胃痛や腹痛を起こす病証タイプには、実証に属す寒邪タイプ・食滞タイプ・肝鬱タイプ・実熱タイプと、虚証に属す気虚タイプ・虚寒タイプ(陽虚と同じ)・陰虚タイプなどがあります。両者は痛みの虚実性で大別され、実証が起こす実痛は、比較的強い痛みで急激に起こり、患部を押すと痛みが強まっていやな感じがします(拒按という)。これに対して虚証が起こす虚痛は、激痛ではないどん痛が慢性的に長く続き、患部をなでたり押さえたりすると気持ちよく感じます(喜按という)。

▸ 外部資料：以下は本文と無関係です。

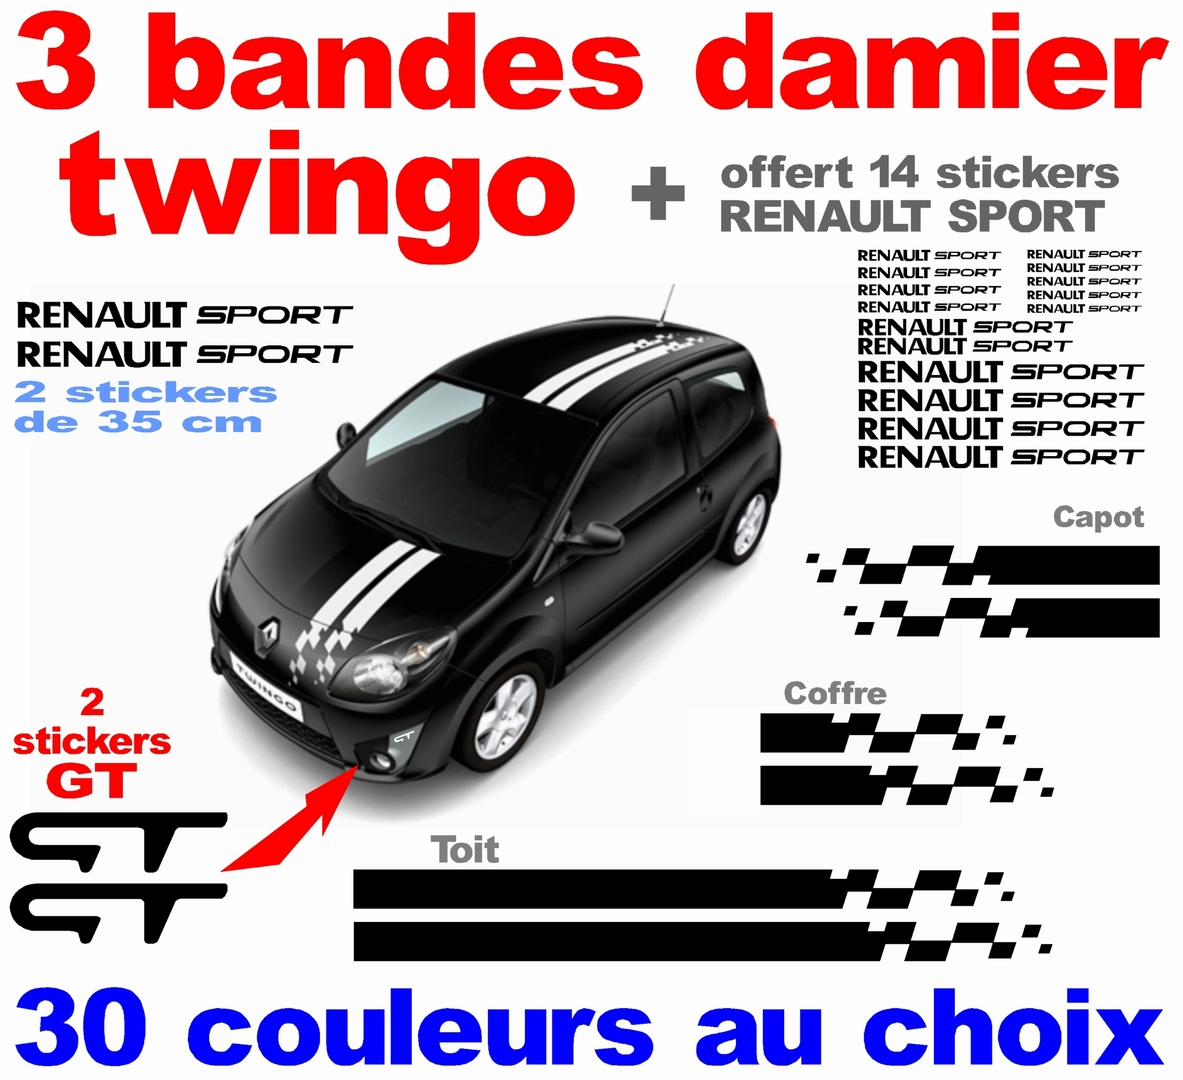 stickers-ref134a-bande-damier-twingo-gt-cadeaux-renault-sport-tuning-rallye-megane-clio4-c4-scenic-compétision-deco-adhesive-autocollant
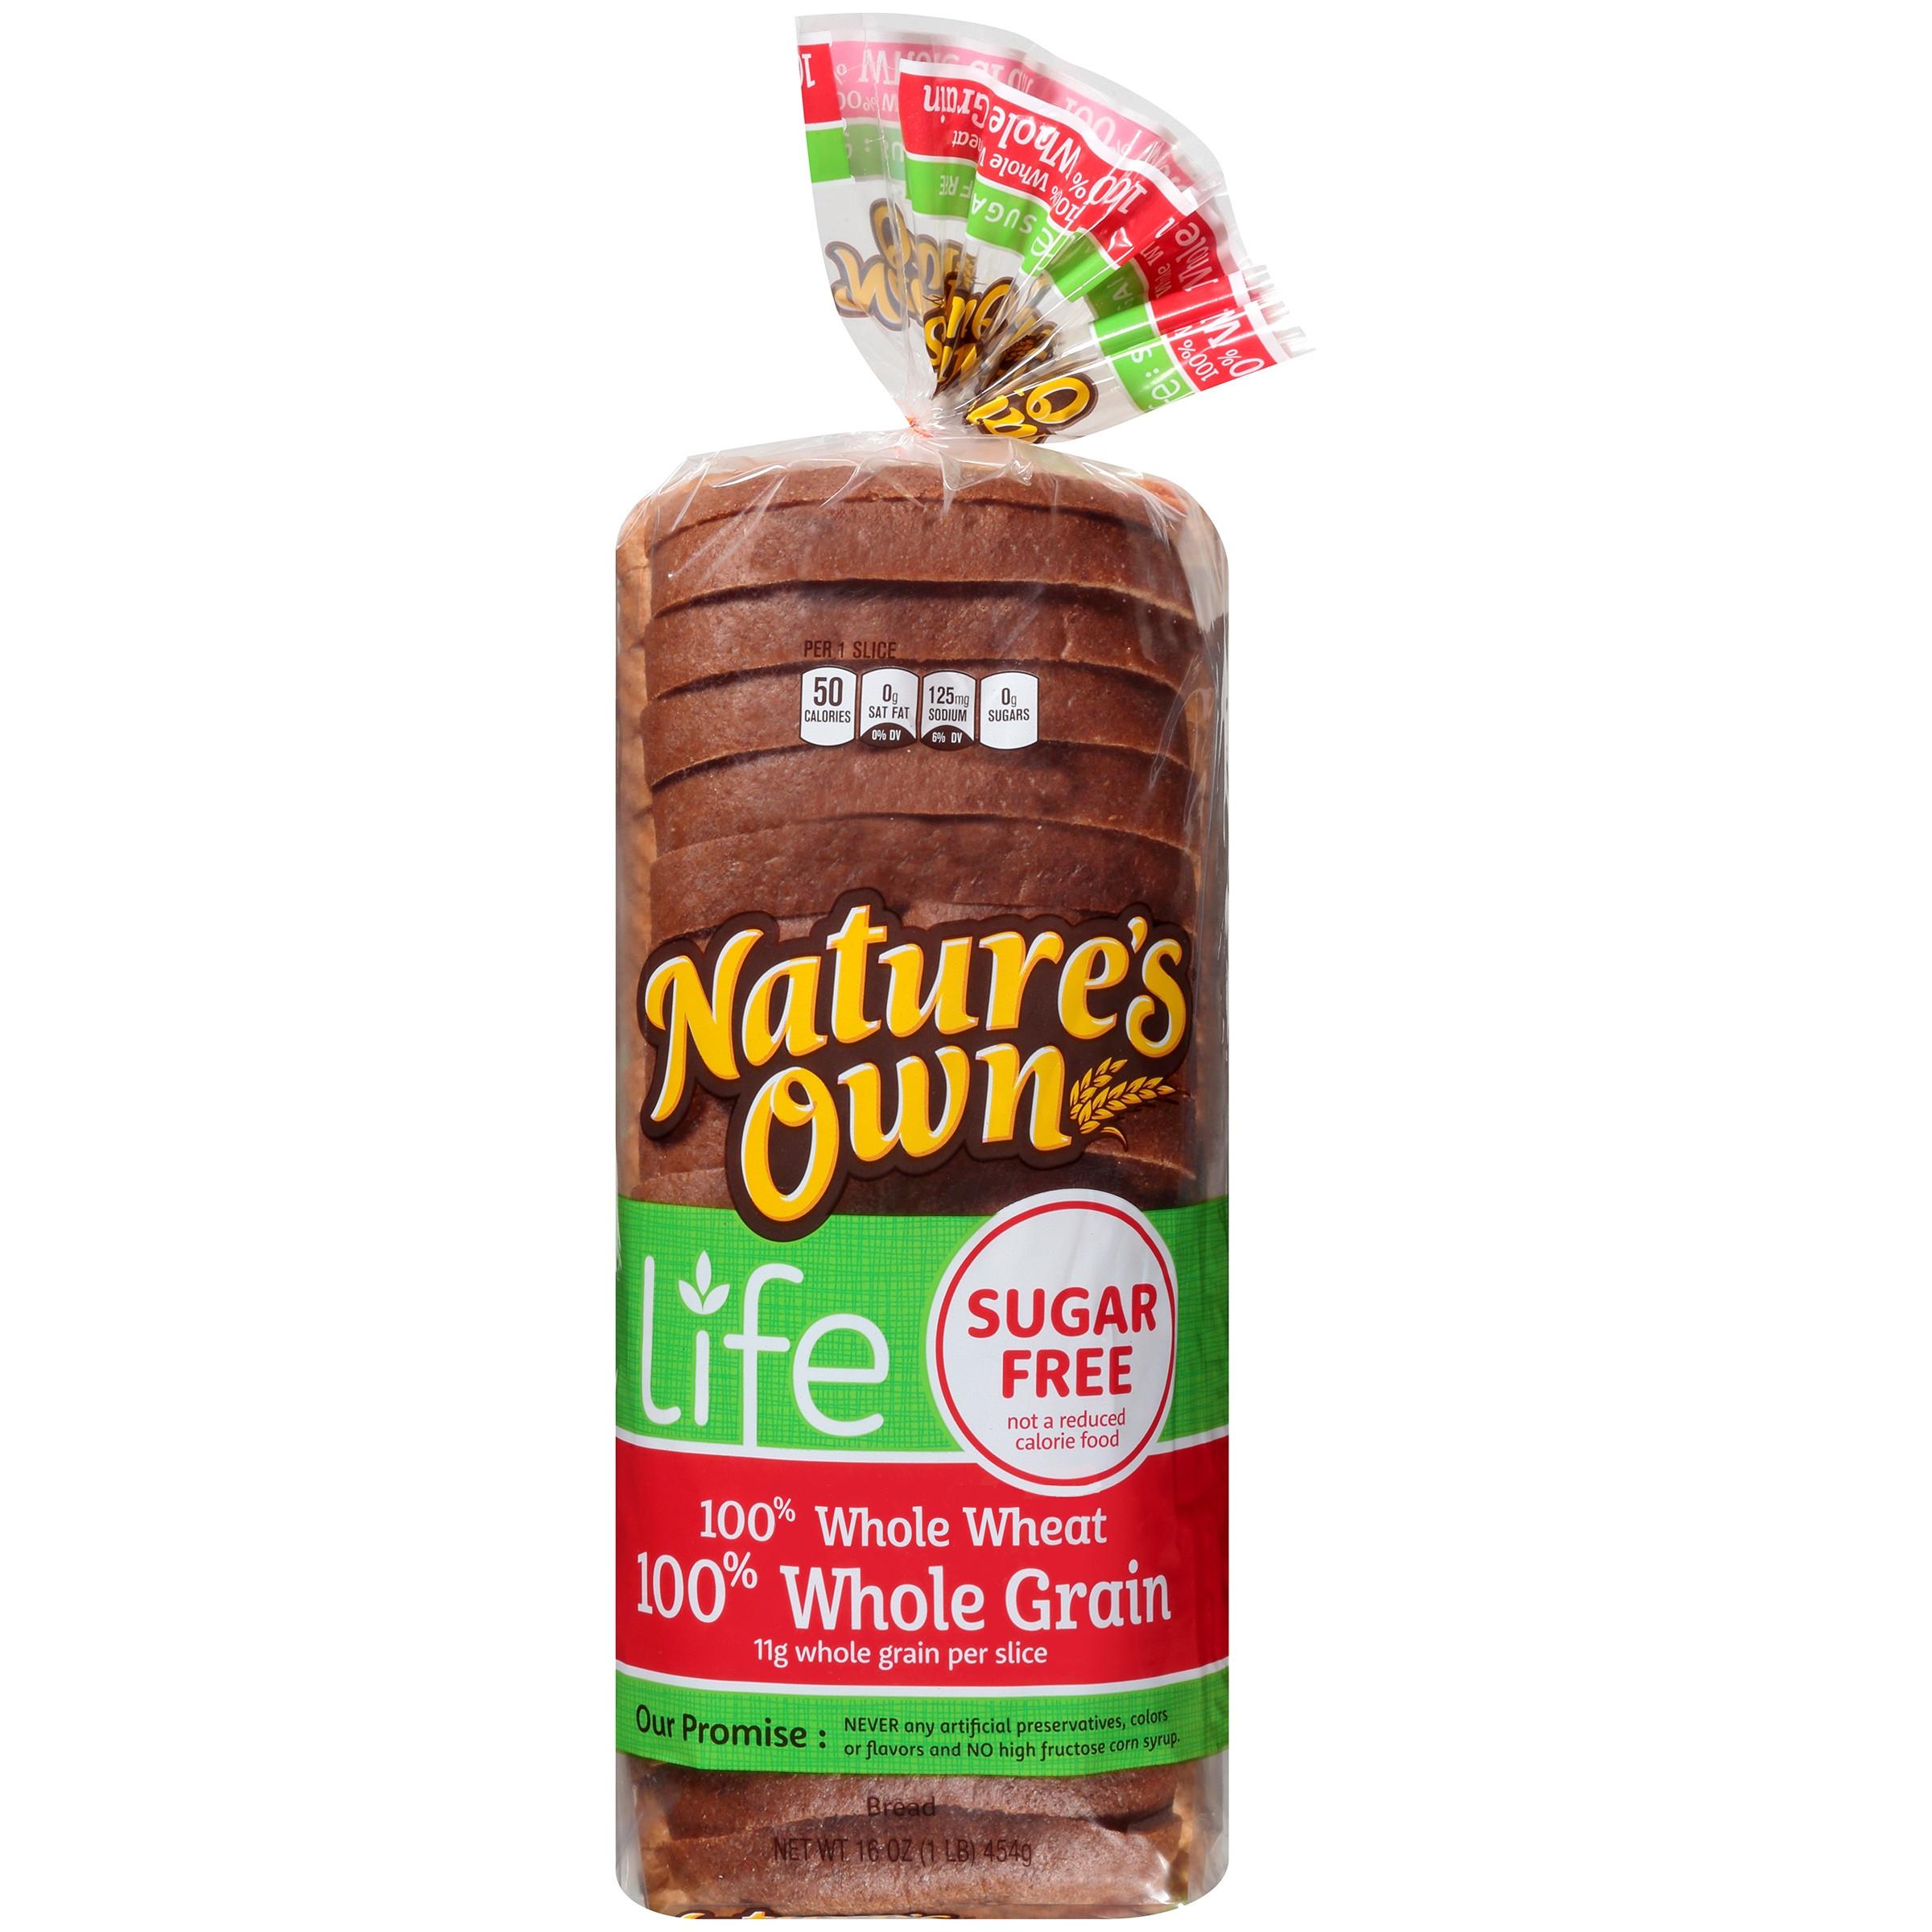 Healthy Life Bread Walmart  Nature s Own Life Sugar Free Whole Grain Bread 16 oz

本項では、上記のタイプのうち、東洋医学の臨床で比較的多く見られるタイプについて紹介します。たとえば、食べ過ぎによって起こる食滞タイプは、日常よくみられるものの、ほとんどが一過性で、東洋医学の出番は少ないため割愛してあります。

 

寒邪タイプ:天候や冷房、あるいは冷たいものや生ものに偏って飲食するなどによって胃腸が冷えることで発症するタイプで、「胃寒証」と呼ばれます。痛みは、実痛の特徴に加えて、患部に触れると冷たく、自分でも冷えて痛くなるように感じ、温めると痛みが軽くなります。多くの場合に、腹部の冷え感とともに激しい下痢(水様便)がみられます。

 

肝鬱タイプ:ストレスや怒りや緊張によって起こる肝気鬱結が、胃腸の気の流れにも影響して発症するタイプで、「肝胃不和」と呼ばれます。痛みは、実痛の特徴に加えて、脹った感じの痛みが腹部の中央から肋骨の上や脇腹へ放散します。精神的な要因で、出たり消えたりが頻繁で、人によってげっぷやおならが出た後は軽くなります。このほかでは、基礎知識の中の「気血津液の実証にみられる症状」で紹介した気滞の症状を伴うことがあります。ストレス性の胃潰瘍や十二指腸潰瘍などは、これに属すことが多く、慢性化すると脾気虚の症状を伴う「肝脾不調」に発展します。

 

陽虚タイプ:冷え性の人に労倦が重なるか、寒邪タイプの腹痛が慢性化するかして、胃腸の陽気が損なわれることで発症したタイプで、「脾陽虚証」や「脾胃虚寒証」という病証名で呼ばれます。痛みは、虚痛の特徴に加えて、患部に触れると冷たく、自分でも冷えて痛くなるように感じ、温めると痛みが軽くなります。大便は普段から軟便ぎみで、冷たいものを食べると下痢になります。このほかでは、基礎知識の中の「気血津液の虚証にみられる症状」で紹介した気虚や陽虚の症状を伴うことがあります。

 

陰虚タイプ:元々身体が痩せぎみで、食も細くあまり太れない体質(胃陰虚体質)の人が、辛い物や刺激物を食べ過ぎたりすることで発症したタイプで、「胃陰虚証」という病証名で呼ばれます。このほかでは、熱性の胃腸病が長引いて胃陰が消耗しても起こります。痛みは、虚痛の特徴に加えて、ひどいと痛みに熱感を伴い、辛い物や刺激物を食べるとひどくなります。大便は普段から硬くて便秘ぎみです。このほかでは、基礎知識の中の「気血津液の虚証にみられる症状」で紹介した陰虚の症状を伴うことがあります。